Quelque chose peut avoir été considéré comme immoral ou amoral pendant des millénaires,
pour peu que quelqu'un insiste un peu pour montrer qu'on s'était trompés,
et insinue que tous ceux qui ne pensent pas comme lui sont des arriérés primitifs,
et hop, on change de façon de penser comme si de rien n'était.
Et ce qui vaut pour l'Histoire en général vaut pour l'histoire de chacun lors de sa croissance.
Je ne dis pas que tout ce qu'on a toujours cru est vrai ni nécessairement bon,
mais je dis qu'il ne faut pas suivre aveuglément toute nouvelle façon de penser,
surtout quand elle s'oppose à ce qu'on a toujours considéré comme moralement juste,
pour la seule et mauvaise raison que c'est nouveau et que quelqu'un cherche à nous l'imposer
comme la nouvelle normalité.
Le prêtre qui célèbre la messe n'est pas là pour plaire à l'assemblée,
mais pour célébrer le renouvellement du sacrifice non sanglant du Christ.
Je comprends bien que certains soient plus au goût de la communauté que d'autres.
Mais peu importe que le célébrant soit plus ou moins apprécié,
tant qu'il accomplit fidèlement ce pour quoi il est là.
Pourquoi est-ce que Dieu nous laisse nous dépatouiller tous seuls face à nos problèmes ?
Parce qu'il nous a donné une intelligence, une volonté et un libre arbitre pour les régler.
Ce n'est pas pour nous les enlever à la première occasion en faisant tout à notre place,
comme si on était des enfants un peu simplets, incapables de gérer quoi que ce soit par eux-mêmes.
Un chef, supérieur, responsable, etc... qui n'a strictement aucun sens de l'humour,
oh, la chose est dangereuse.
Ils ont tendance à prendre vraiment au sérieux leur charge et leur valeur,
et c'est ce qui incite d'ailleurs à leur confier des postes de responsabilité.
Mais sans aucun sens de l'humour, il leur est difficile de ressentir de l'empathie,
encore moins de la miséricorde, de la grandeur d'âme, de la compréhension ou de la générosité,
toutes ces qualités qui font qu'on n'est pas obéi avec une rigidité toute militaire, peut-être,
mais qu'on est suivi de bon coeur et généreusement par des personnes reconnaissantes,
qui iraient n'importe où derrière ceux qui les traitent avec humanité.

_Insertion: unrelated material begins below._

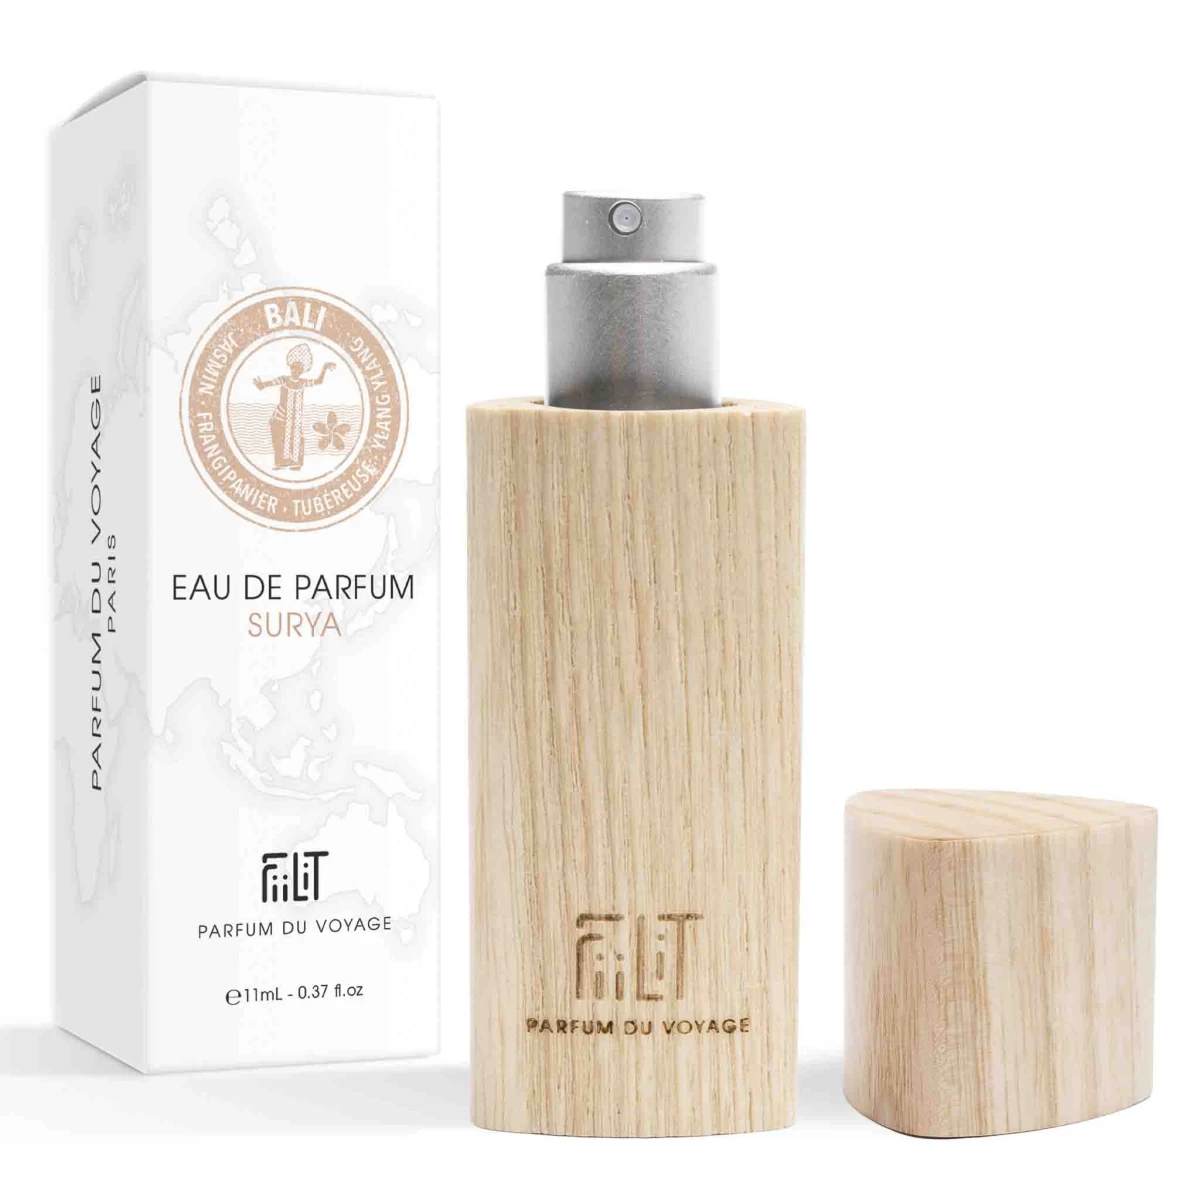 detailed_9_eau-de-parfum-11ml-bois-surya-bali-fiilit-parfum-du-voyage-naturel.webp

Ça fait des decennies qu'on s'efforce de tenir les structures d'une Église qui n'existe plus.
Oh, l'Église existe encore, bien sûr. Mais pas l'Église triomphante, qui occupait l'espace public,
et dont les rites, les enseignements ou les activités étaient connus de tous, croyants ou non.
On est aujourd'hui à une époque du "petit reste", en tous cas en Europe.
Ce n'est pas bien grave, c'est quelque chose de courant dans l'histoire biblique, ces époques.
Mais passer son temps à s'occuper de propriétés foncières qu'on n'utilise plus
ou multiplier les services diocésains, et donc les prospectus ou les demandes aux paroisses,
ça n'a pas de sens. On ferait mieux d'alléger la structure au maximum,
pour ne pas enfouir ce qu'il reste des paroisses sous des tonnes de paperasse devenue inutile.
Il y a beaucoup de baptisés non-pratiquants qui sont tellement éloignés de la foi chrétienne,
qu'ils pensent que les pseudo-liturgies profanes qui ont lieu dans les crématoriums
valent la même chose que de passer à l'église,
parce que tout ce qu'ils veulent, c'est un hommage, une célébration du souvenir.
Le fait de prier pour leurs morts pour les accompagner sur le chemin de la Vie Éternelle
et d'intercéder en communauté pour leur salut devant Dieu leur échappe totalement.
Quand la personne décédée avait, elle, la foi, c'est encore plus triste
de ne pas lui concéder une mort en présence de Dieu.